British sportsperson and actor (born 1944)

Michel Ray de Carvalho (born Michel Ray Popper; 21 July 1944) is a British financier, private banker, former Olympic skier and luger, and former child actor in films such as The Brave One, The Tin Star, and Lawrence of Arabia (under the name Michel Ray).

== Early life ==
He was born Michel Ray Popper in Gerrards Cross, Buckinghamshire, on 21 July 1944. Using the stage-name 'Michel Ray', he appeared in several films as a child and teenager, including the 1962 epic film Lawrence of Arabia (where he played the character Farraj, Lawrence's personal servant), The Divided Heart in 1954, The Tin Star with Henry Fonda and Anthony Perkins in 1957, and The Brave One in 1956 where he plays a young Mexican boy who tries to rescue his pet bull from being killed by a champion bullfighter.

He quit acting to attend Harvard University, which he later described as "just about the most stupid decision" he ever made. Nevertheless, de Carvalho graduated from Harvard and then earned an MBA degree from the same university.

De Carvalho represented Great Britain at the 1968 Winter Olympics in skiing, and luge at the 1972 and 1976 Winter Olympics. In May 2013 he was named President of British Skeleton.

== Career ==
De Carvalho was the vice-chairman of investment banking at Citigroup, where he chaired Citi Private Bank in the EMEA (Europe, Middle East and Africa) region, a post to which he was appointed in November 2009.

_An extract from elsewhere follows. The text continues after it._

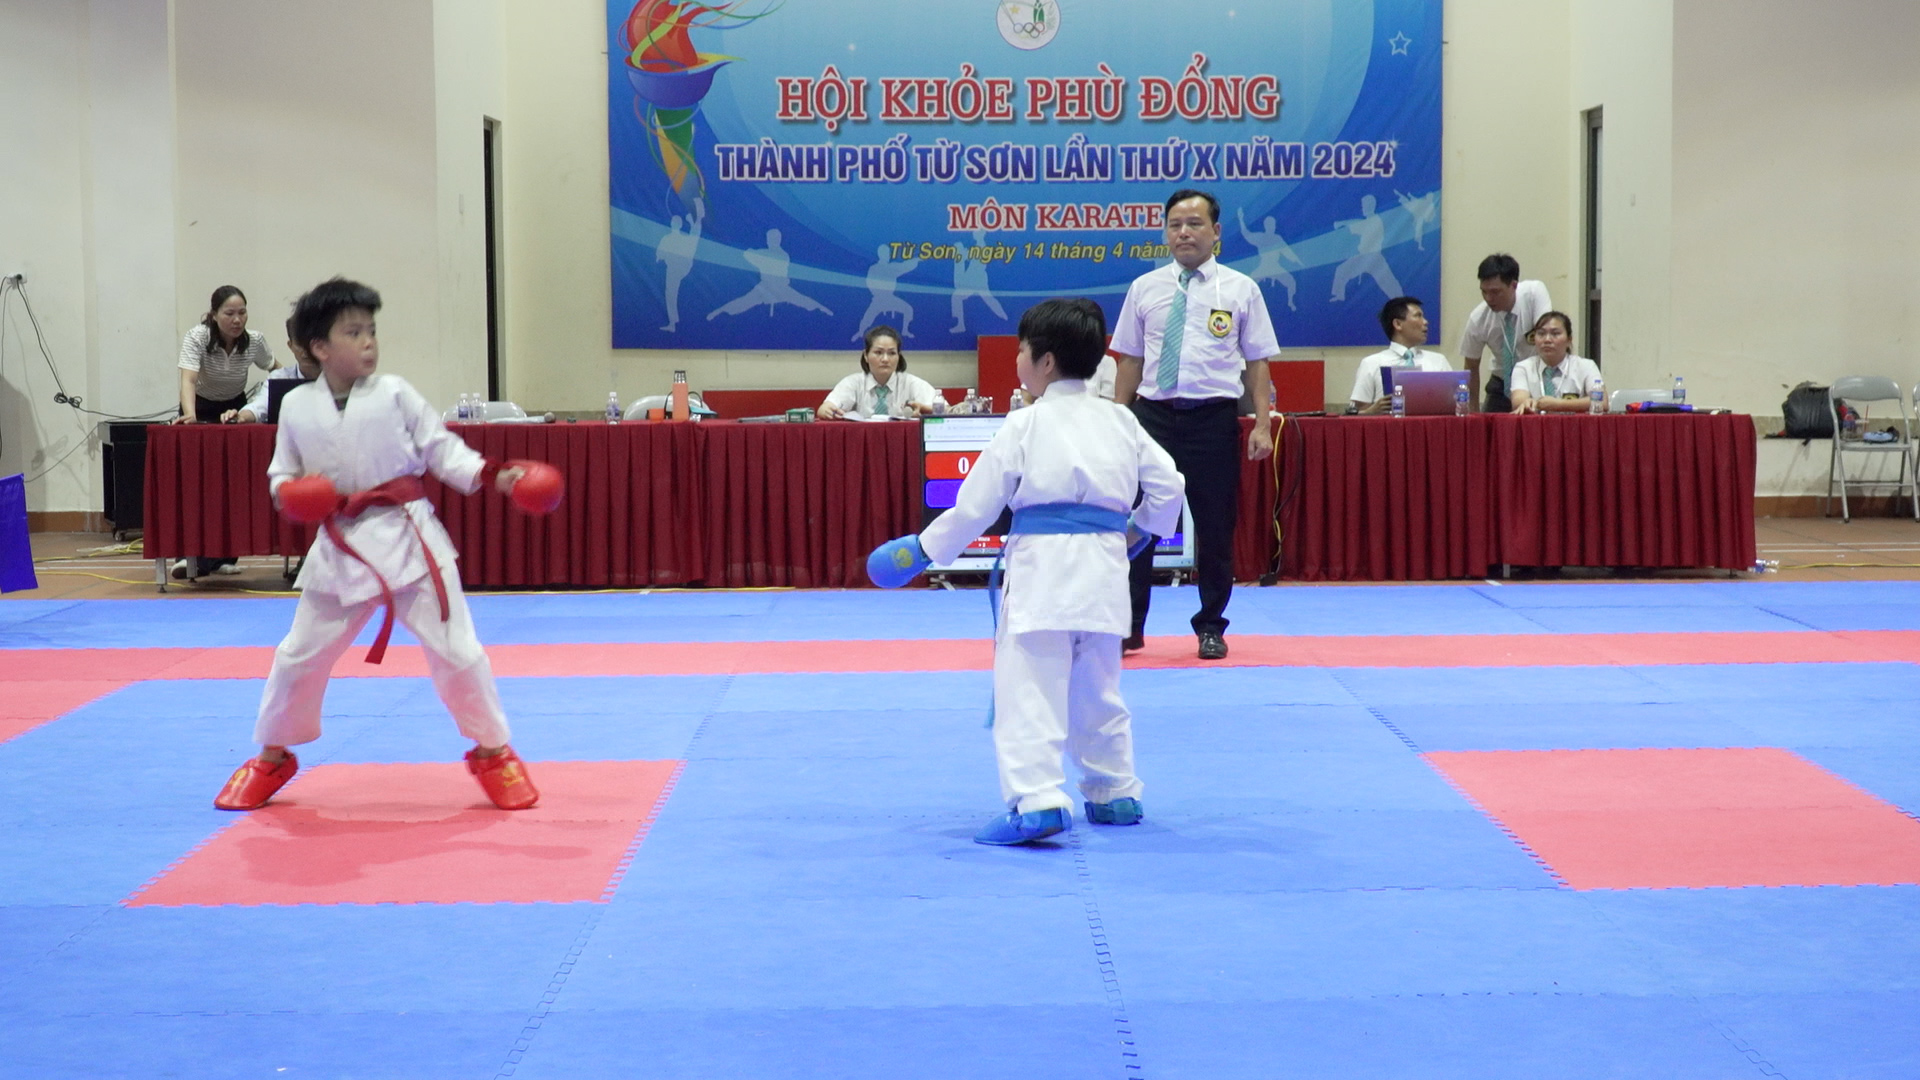 Giải Karate học sinh trong khuôn khổ HKPĐ thành phố Từ Sơn
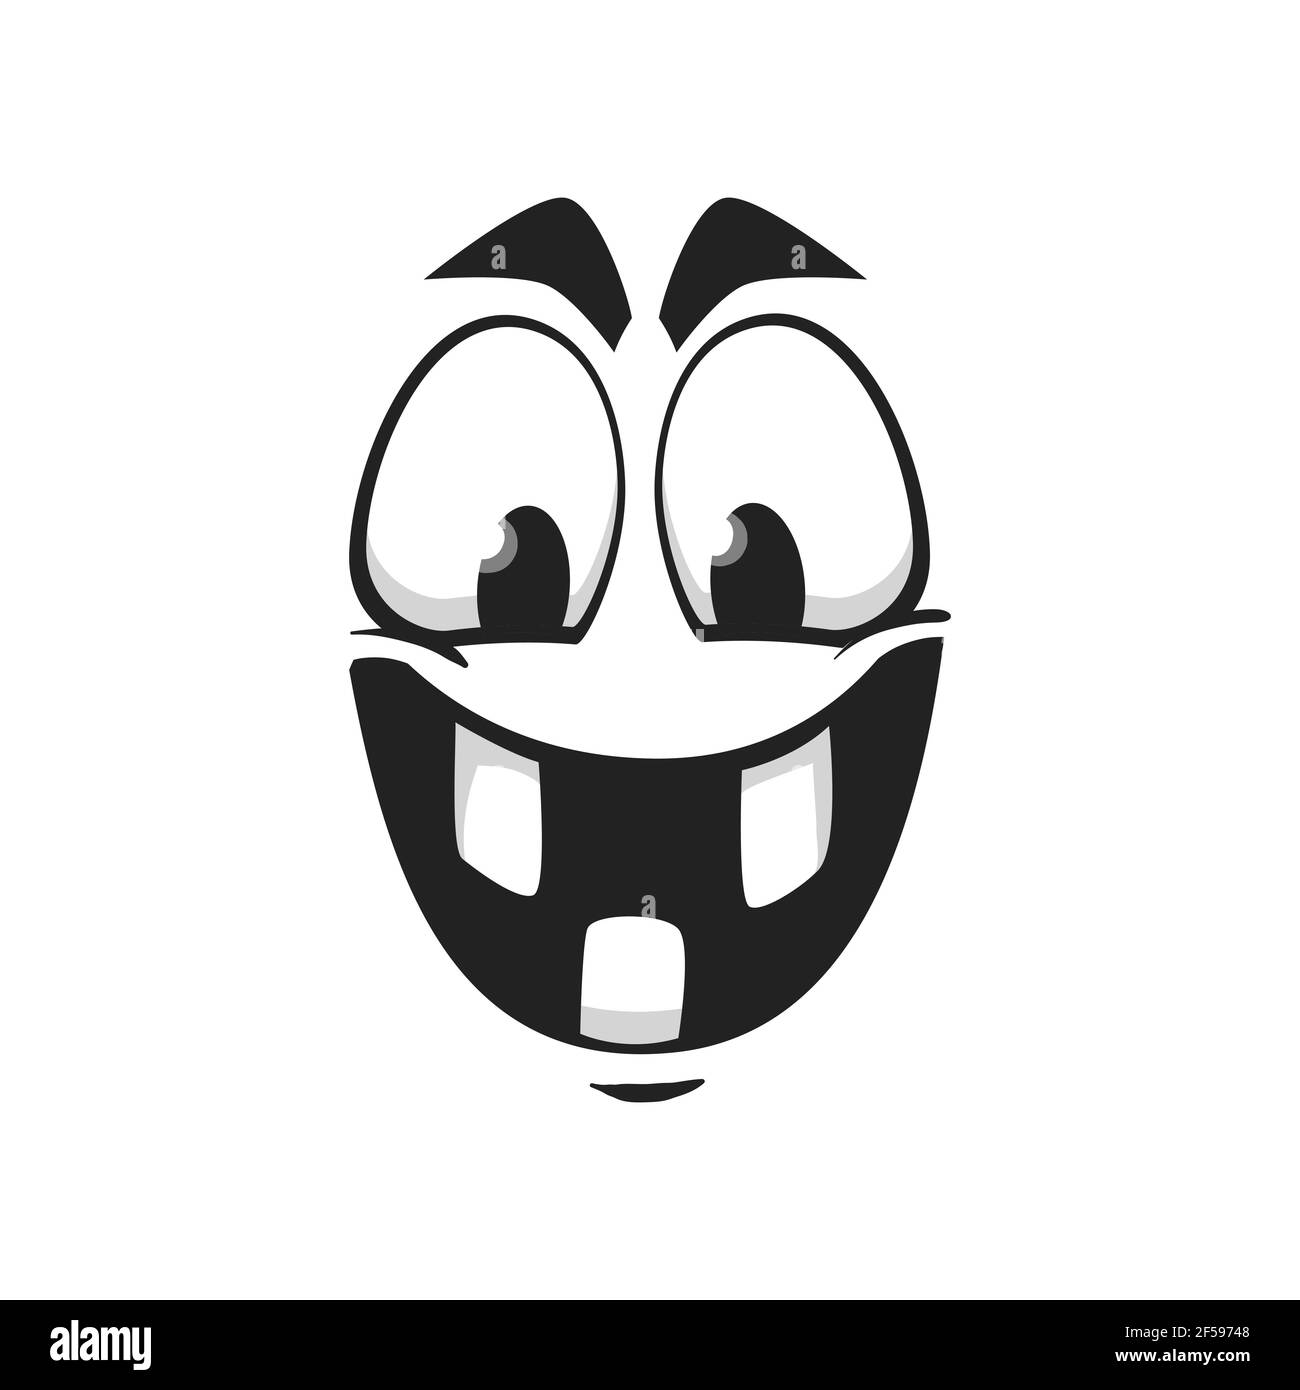 Cartoon face vector icon, happy laughing emoji Stock Vector

He worked previously at HBS, Credit Suisse and Nikko Securities.

On 23 April 2015 he became the Executive Director at Heineken Holding N.V., but remains active as board member or director of several other business ventures.

In 2018 Carvalho was appointed chairman of CapGen.

== Personal life ==
He married Dutch Heineken heiress Charlene Heineken in Perroy in 1983. In 2002 Charlene inherited a fortune of GBP3 billion ($4.8bn) upon the death of her father, Freddy Heineken. They have five children (two sons and three daughters, including twins, born between 1984 and 1991).

==Partial filmography==
- The Divided Heart (1954) - Toni
- The Brave One (1956) - Leonardo
- The Tin Star (1957) - Kip Mayfield
- Flood Tide (1957) - David Gordon
- The Space Children (1958) - Bud Brewster
- The Naked City (TV series) (S1.E26) (1959) - Felipe
- Lawrence of Arabia (1962) - Farraj

== Bibliography ==
- Holmstrom, John. The Moving Picture Boy: An International Encyclopaedia from 1895 to 1995, Norwich, Michael Russell, 1996, p. 248.